Given data:
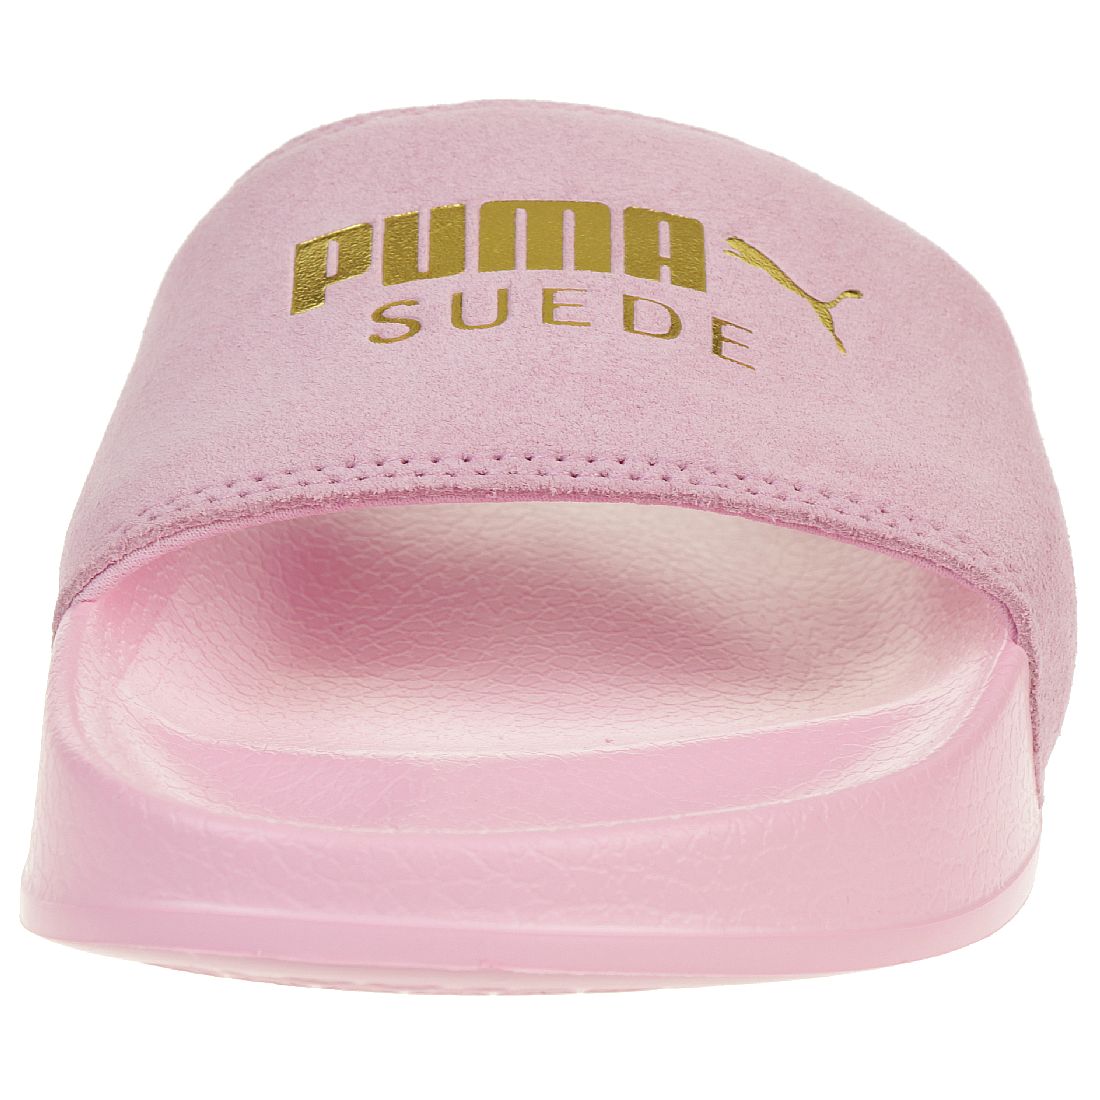 Puma Leadcat Suede Unisex-Erwachsene Sandalen Badelatschen pink
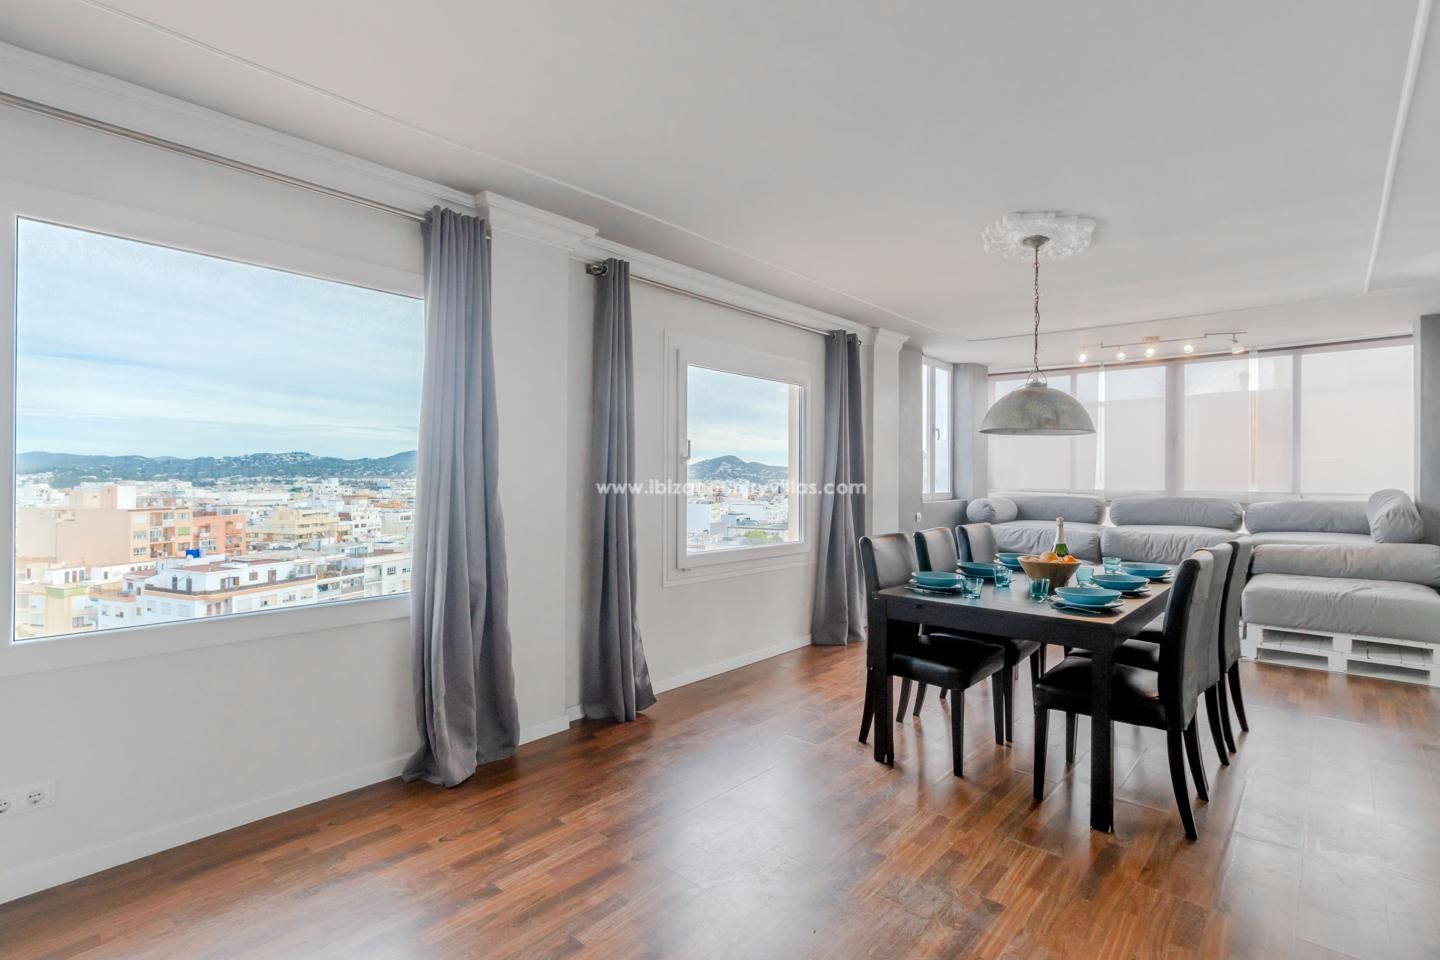 Apartamento de 3 dormitorios en Los Molinos con espectaculares vistas a la ciudad de Dalt Vila
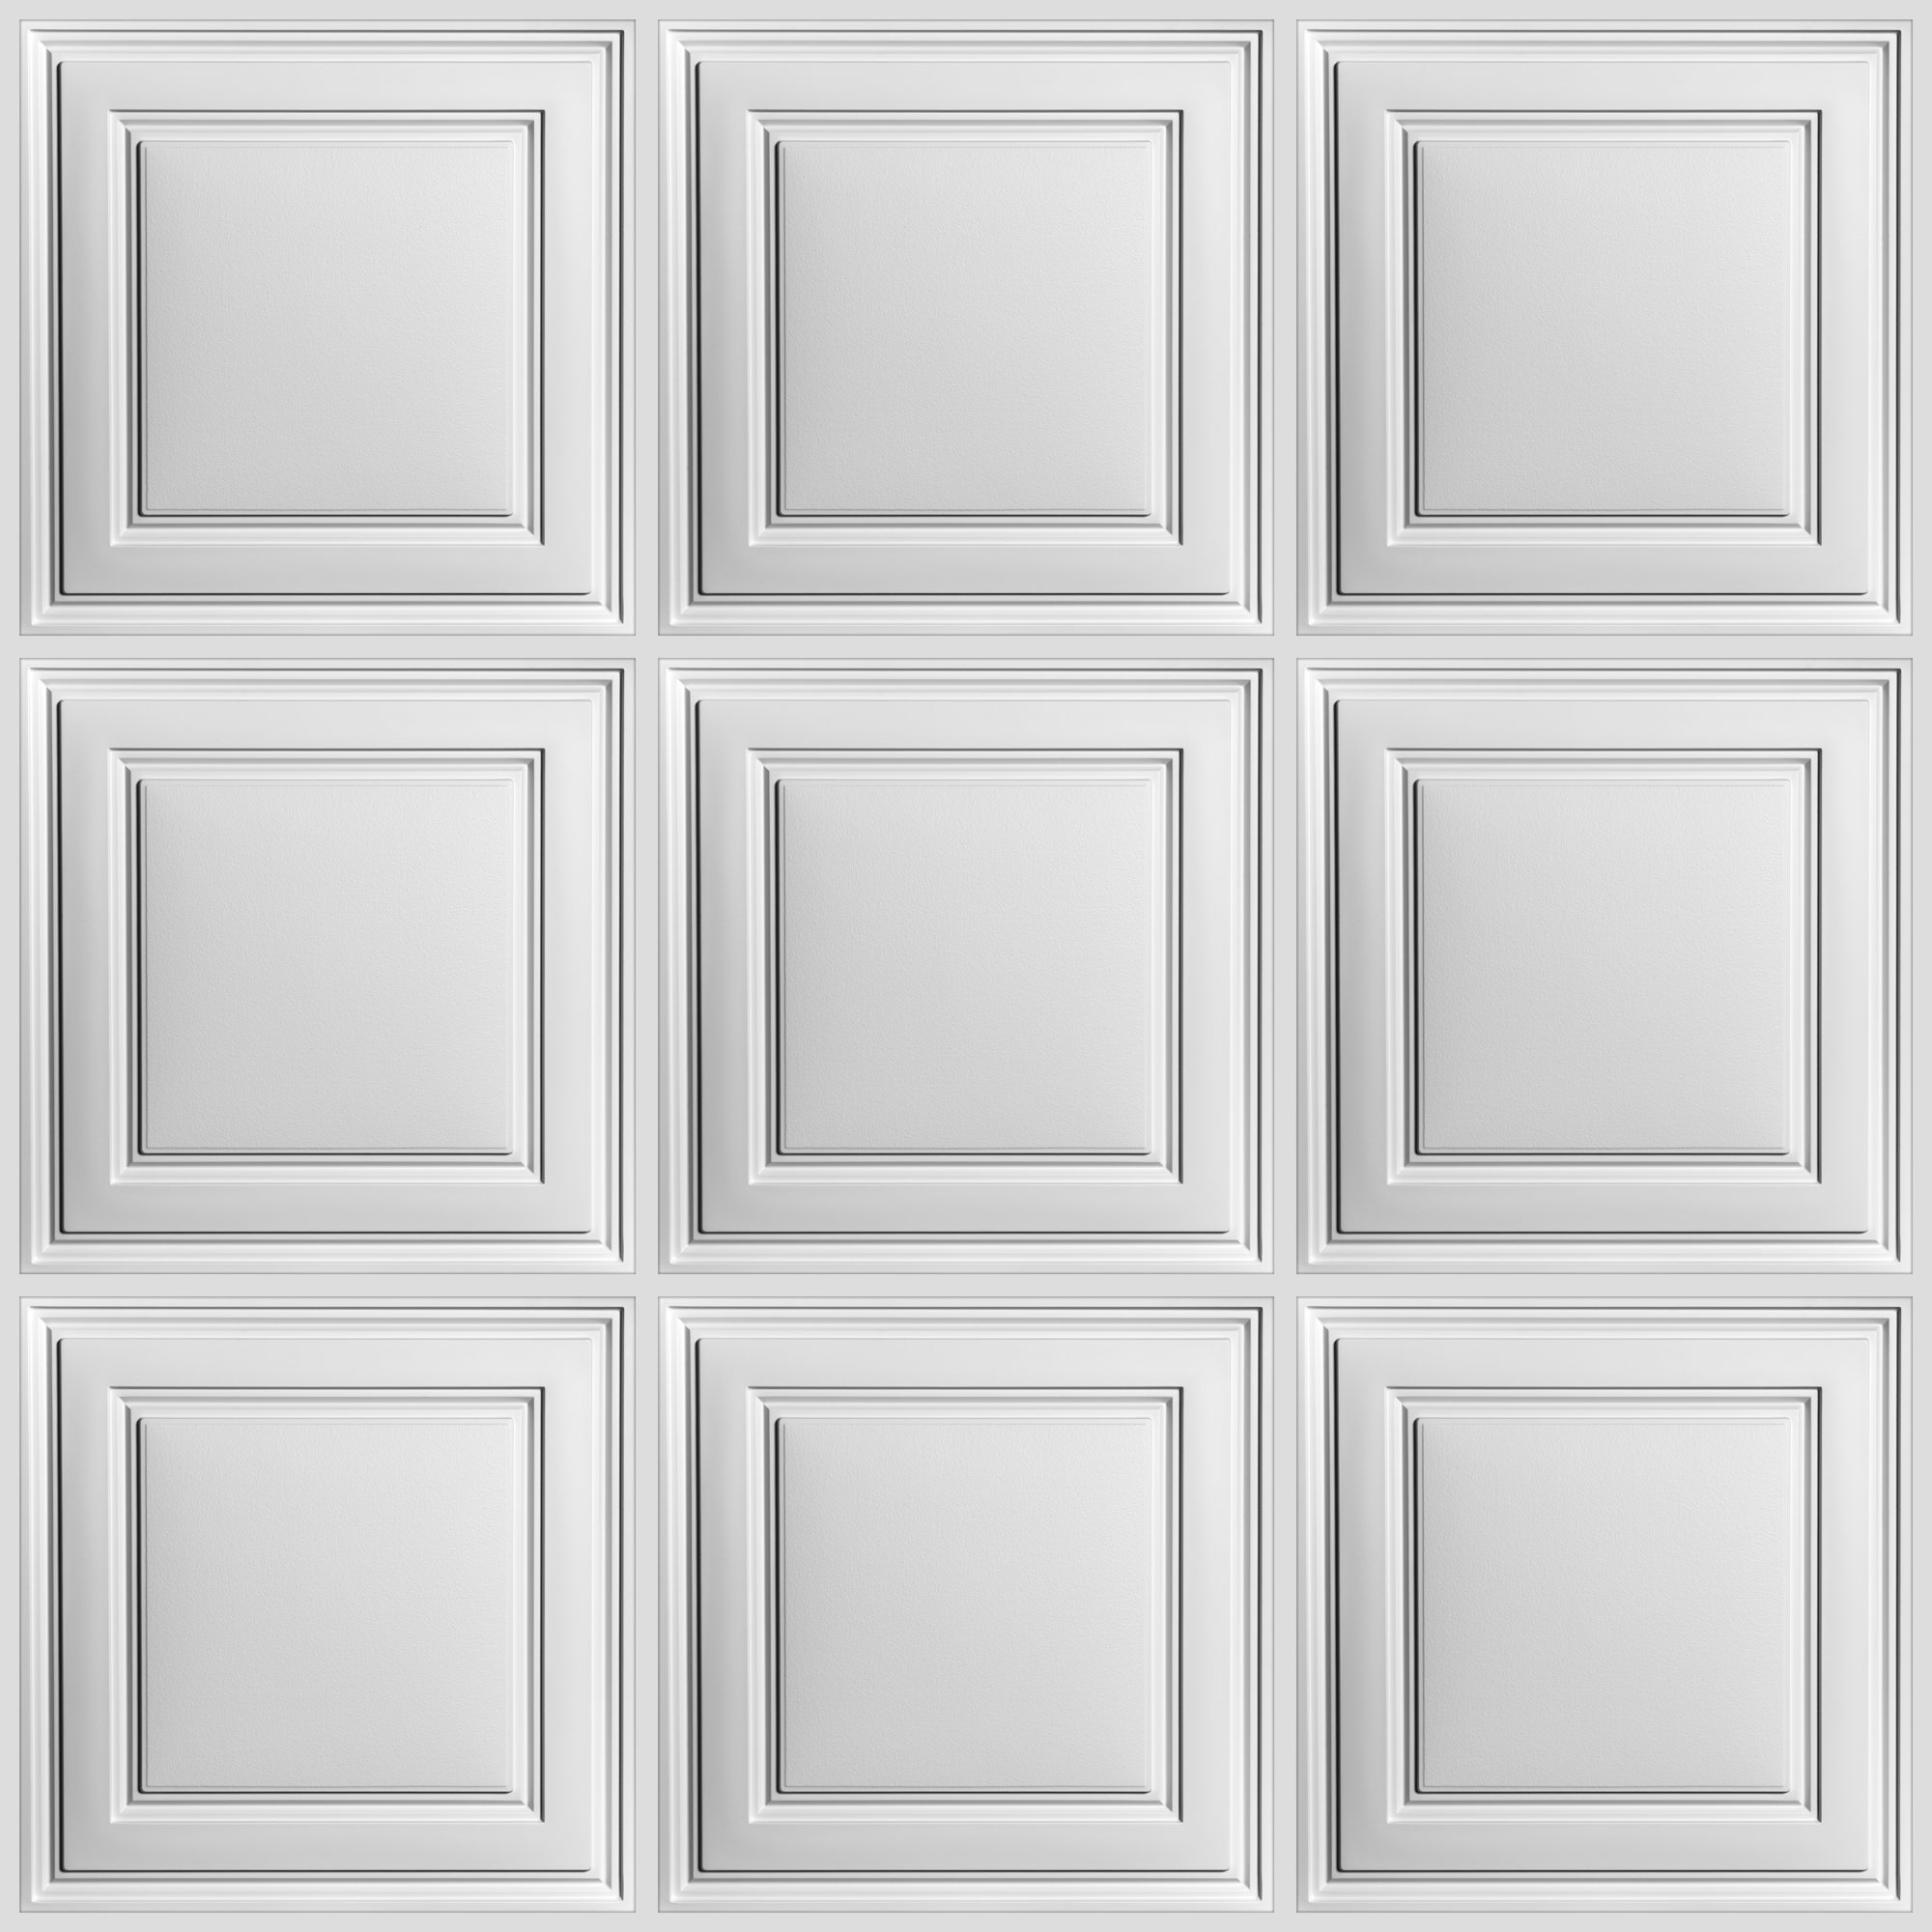 Stratford White Nrc 50, Stratford Ceiling Tiles 2×2

Task directions: With the pictures left out, return the listing above exactly as it stands.

The answer:
 Puma Leadcat Suede Unisex-Erwachsene Sandalen Badelatschen pink
 Apartamento de 3 dormitorios en Los Molinos con espectaculares vistas a la ciudad de Dalt Vila
 Stratford White Nrc 50, Stratford Ceiling Tiles 2×2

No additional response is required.